WORK ITEM
Leaving the pictures aside, return all of the data below exactly.

GIVEN INFORMATION

........

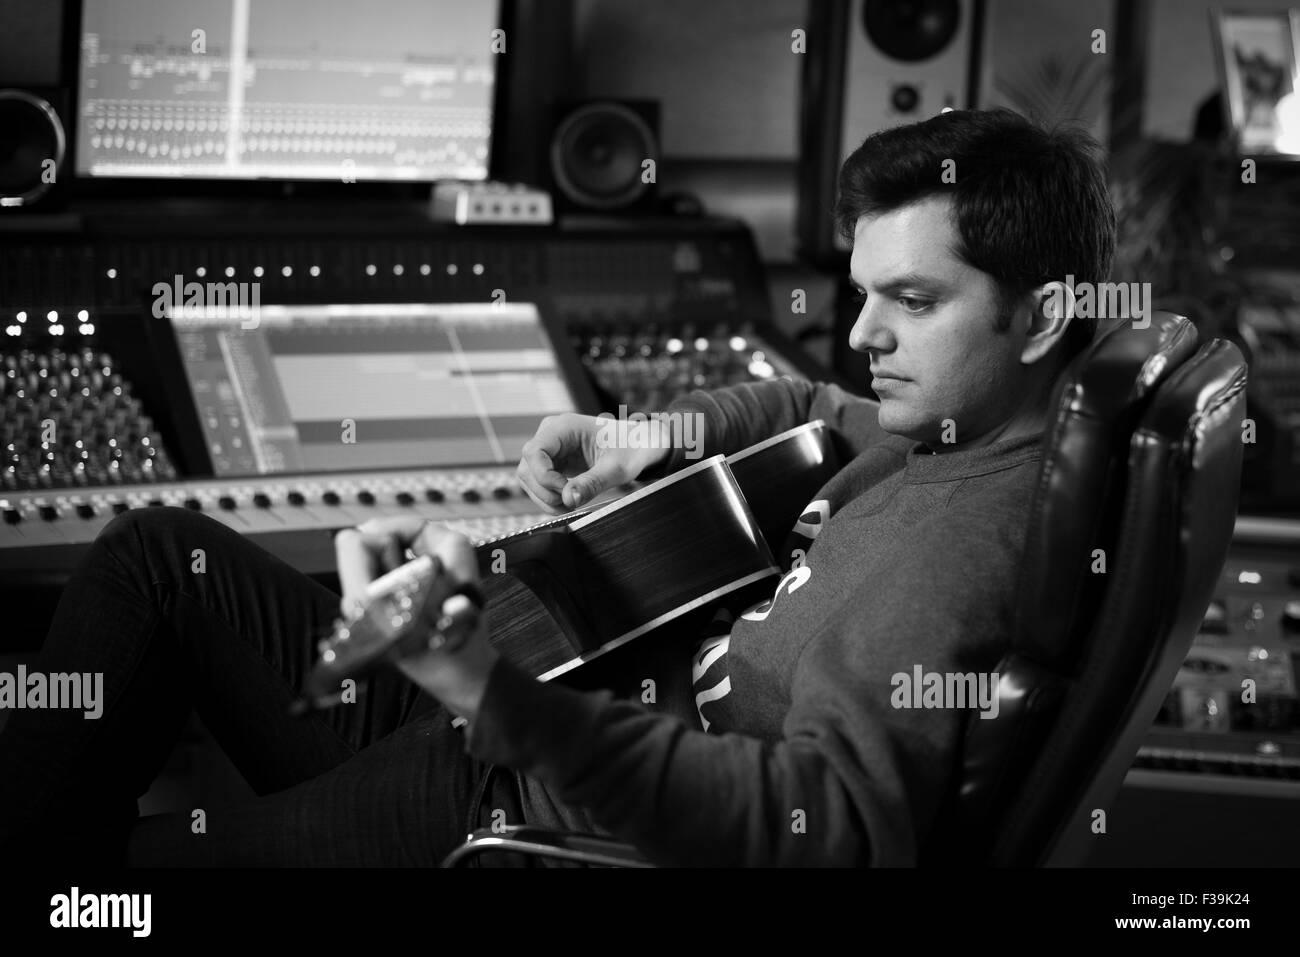 Man playing guitar in recording studio Stock Photo
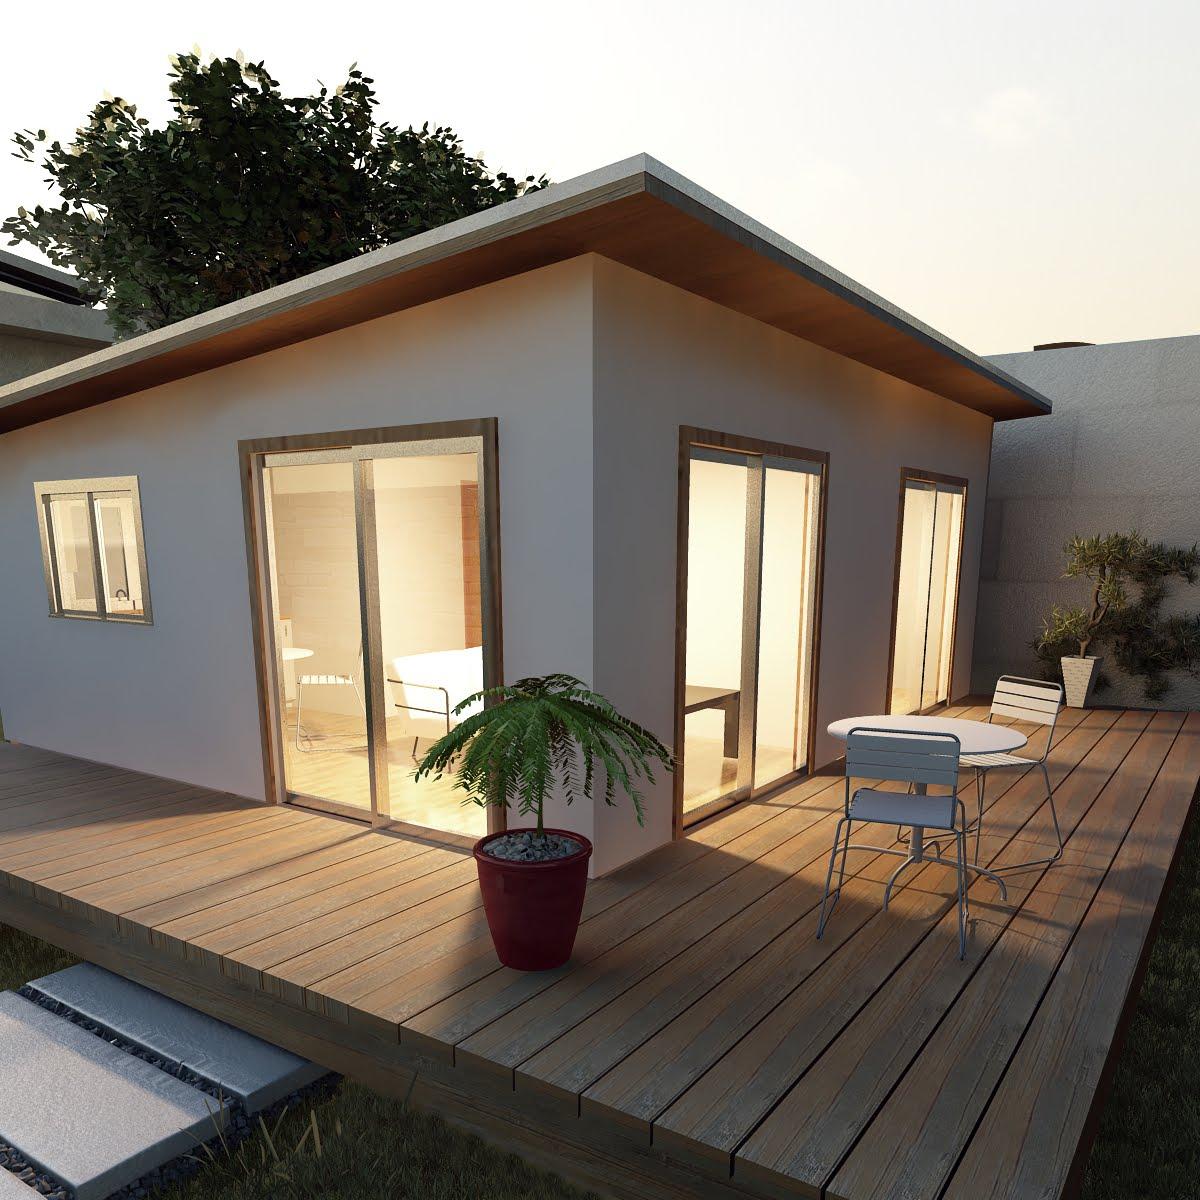 Designs Of Home Designs October - Mini home design
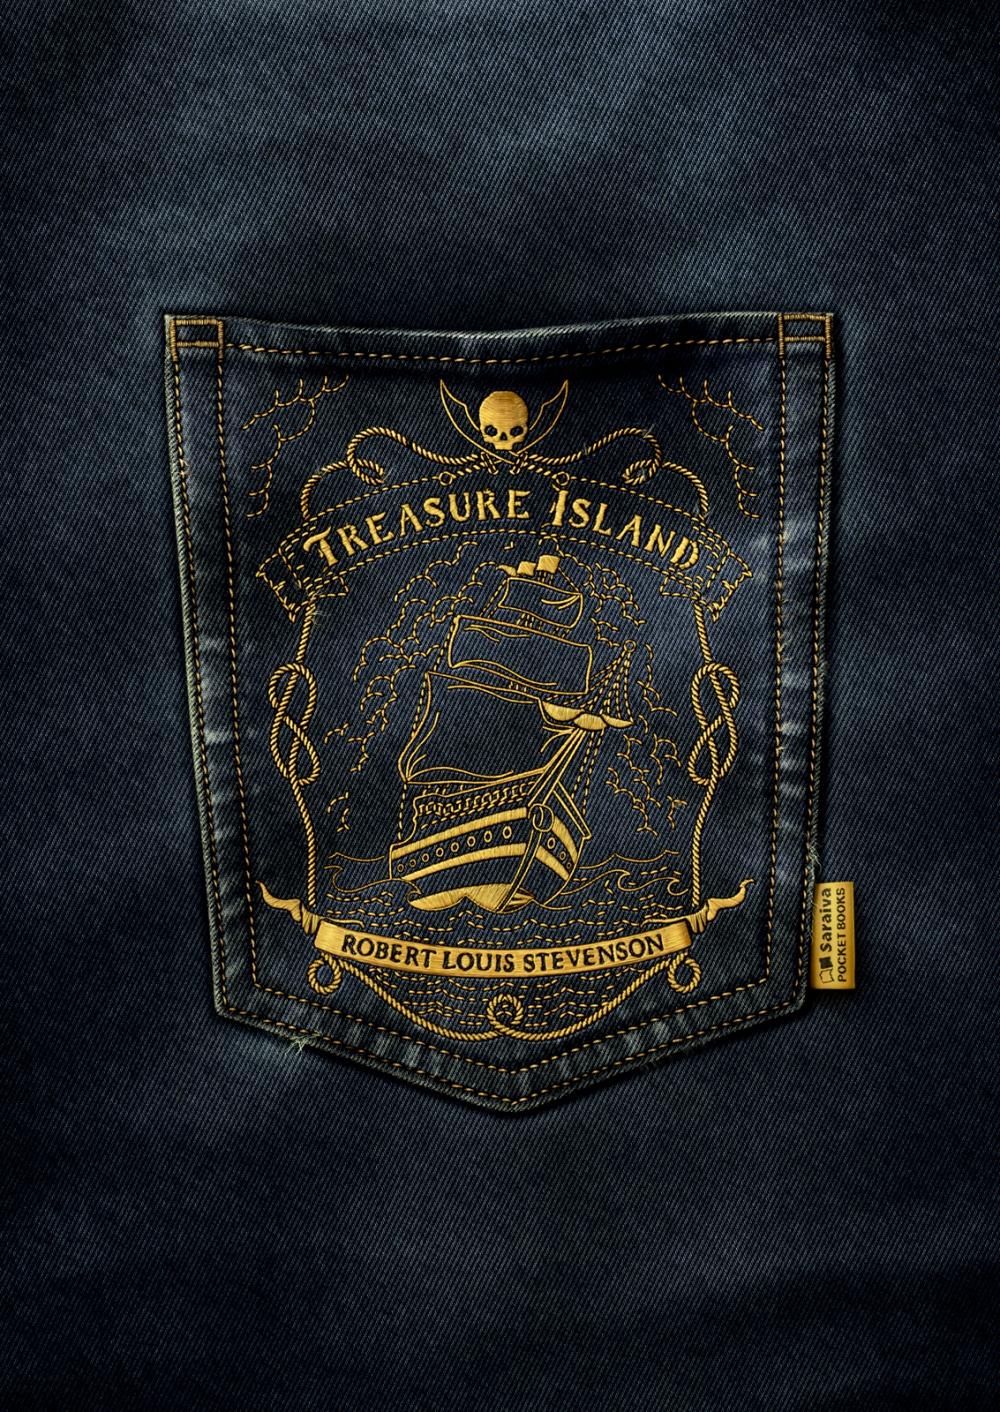 Treasure island - Saraiva - outdoor

........

REPLY
 Man playing guitar in recording studio Stock Photo
 Designs Of Home Designs October - Mini home design
 Treasure island - Saraiva - outdoor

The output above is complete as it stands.